Federico Butteroni è un giocatore di poker che si è qualificato per il November Nine delle World Series of Poker a Las Vegas, il più importante torneo mondiale con un primo premio stellare di 8 milioni di dollari (ma un milione è già nelle sue tasche). Solo un italiano prima di lui: era il 2010 e Filippo Candio conquistava un quarto posto per 3 milioni. Ho contattato Federico a poche settimane dall'evento.

November nine: intervista a Federico Butteroni

Il Main Event WSOP: sette giorni di gioco e migliaia di avversari. Come l'hai vissuto?

"L'emozione più grande è stata riuscire iscrivermi, il Main Event è il sogno di ogni giocatore che inizia.

Non ero a Las Vegas con questa idea, poi i buoni risultati in tornei minori mi hanno consentito di investire i soldi necessari all'iscrizione. E sono stato ripagato. Questo torneo per lunghezza si può paragonare a una maratona. Come la maratona, è una metafora della vita: bisogna crederci senza mollare, nei momenti buoni e in quelli inevitabilmente negativi. A volte si gioca meglio degli altri ma non si viene ricompensati e allora è importante rimanere concentrati e continuare a lottare."
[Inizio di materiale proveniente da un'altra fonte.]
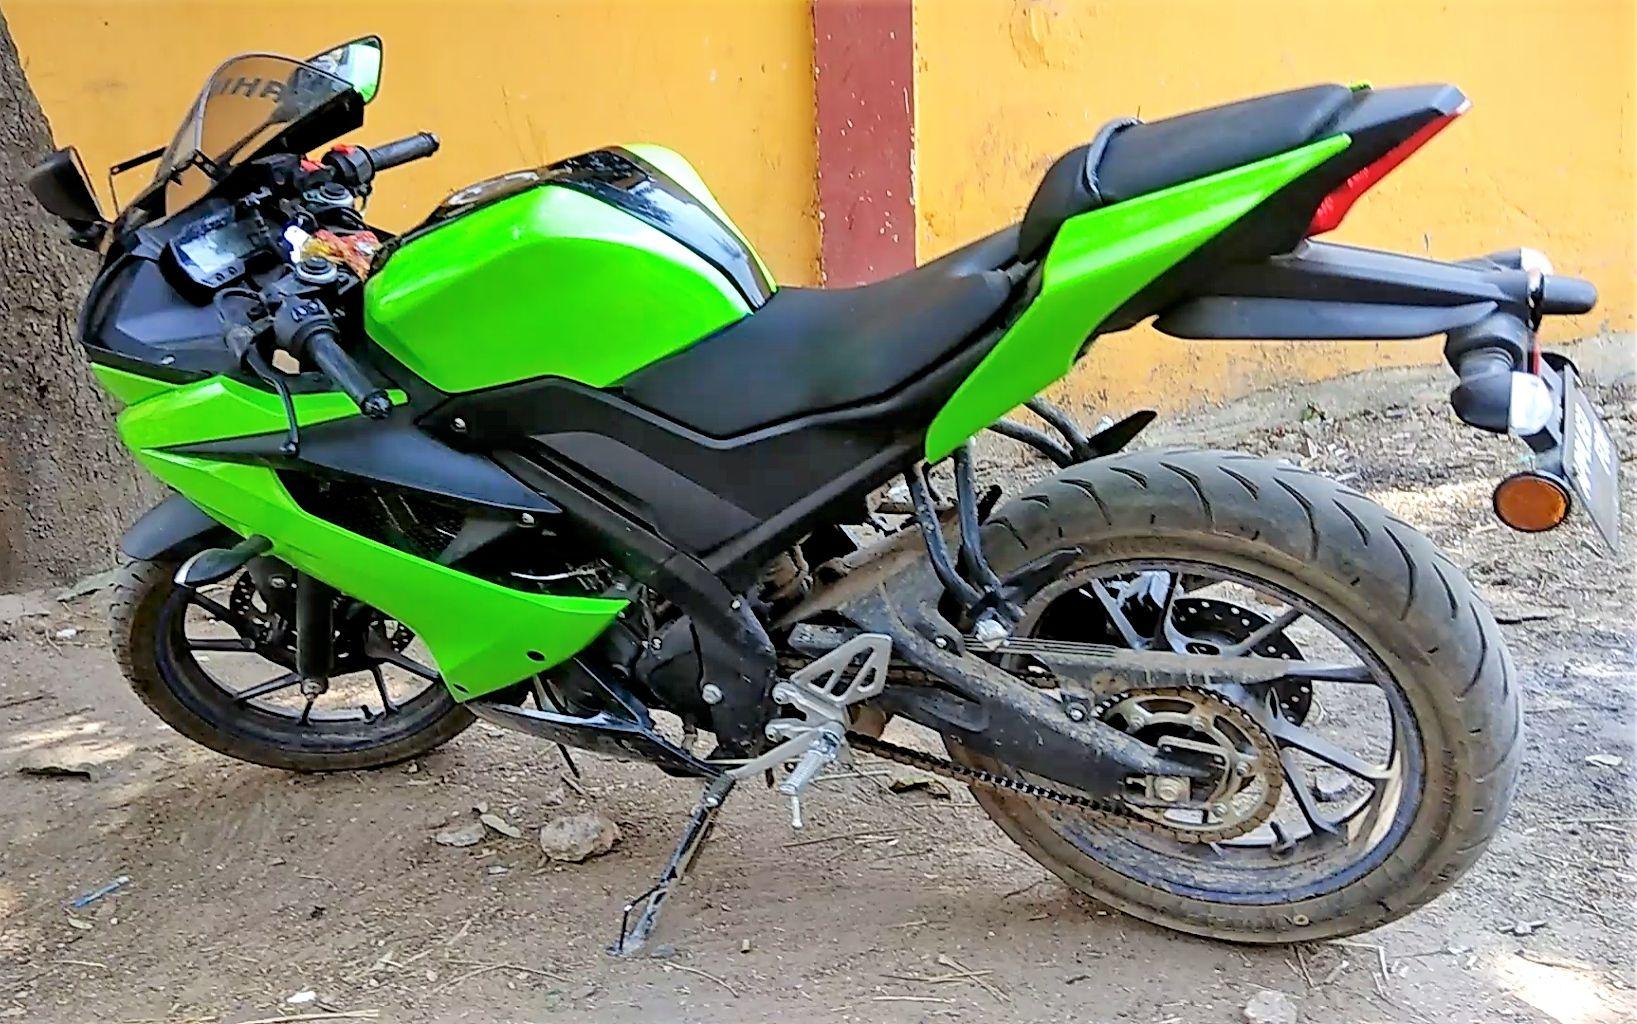 Yamaha R15 V3 Ninja Green Wrap By Misty Stickers (Patna) | Maxabout

Il momento più importante del torneo?

"Al Day 6, con la tensione alle stelle: poche posizioni potevano spostare 50000 $ e giocare il proprio miglior poker diventa difficile. Per la prima volta dal Day 1 mi sono trovato a giocarmi tutto partendo in svantaggio.

La mia coppia di sei si è trasformata in un poker al flop e ha battuto la coppia di dieci dell'avversario. Le possibilità di fare poker sono davvero basse e quello era il torneo della vita: non sono riuscito a trattenermi e sono esploso di gioia."

Come ti sei preparato al torneo?

"Non c'è stata una preparazione specifica, è stato premiato il mio percorso come giocatore di poker, ma anche il mio percorso di vita.

Gioco a poker da quando avevo 18 anni e devo tanto a questo gioco. Ma per un periodo ho deciso di mollare tutto, ho provato ad avere una vita normale, sono stato a lavorare in Australia per un anno e poi ho viaggiato in Giappone da solo. Esperienze che mi hanno fatto crescere e mi hanno aiutato a ritrovare l'equilibrio. Possono fare la differenza in un torneo come il Main Event aiutando a mantenere concentrazione e tranquillità."

E per quanto riguarda il final table?

Quanto conta l'aspetto psicologico al November Nine?

"Nel breve periodo la fortuna conta tantissimo ovviamente. L'aspetto psicologico conterà almeno al 50%: la pressione mediatica delle telecamere e l'entità delle cifre in ballo rendono tutto molto difficile. Ho visto giocatori tecnicamente fortissimi essere eliminati perché avevano perso il controllo delle loro emozioni."

Potresti favorire il rilancio di un mercato in crisi in Italia come quello del poker. Pensi di poter essere un nuovo Dario Minieri?

“Dario è stato importante per questo gioco. Ne ho seguito le gesta e ho stima di quello che ha fatto. Ma Federico Butteroni vuole essere solo Federico Butteroni. Spero di aiutare a superare i pregiudizi legati a questo gioco.

E magari a far sì che qualche ragazzo trovi la voglia di avvicinarsi ancora al Texas Holdem."

Se il poker è in crisi, lo stesso non si può dire del gioco d'azzardo. Se dovessi spiegare a un giovane perché scegliere il poker invece di un gratta e vinci?

“Innanzitutto a livello economico: nel poker quello che ritorna ai giocatori è molto di più di quello che torna nel gratta e vinci, le tasse e le spese sono più basse. Poi a livello umano il gratta e vinci non richiede nessuna abilità ed è più facile cadere nel circolo vizioso del gioco patologico. Anche il poker può essere pericoloso, ma se viene affrontato con il giusto approccio mentale può anche aiutare a migliorarsi, a imparare la matematica, a viaggiare.

A un ragazzo direi di studiare tanto, leggere libri e confrontarsi con tutti, senza bruciare le tappe. Il poker è un gioco facile da imparare ma per dominarlo serve una vita. Forse in Italia si preferiscono le vie in apparenza più semplici."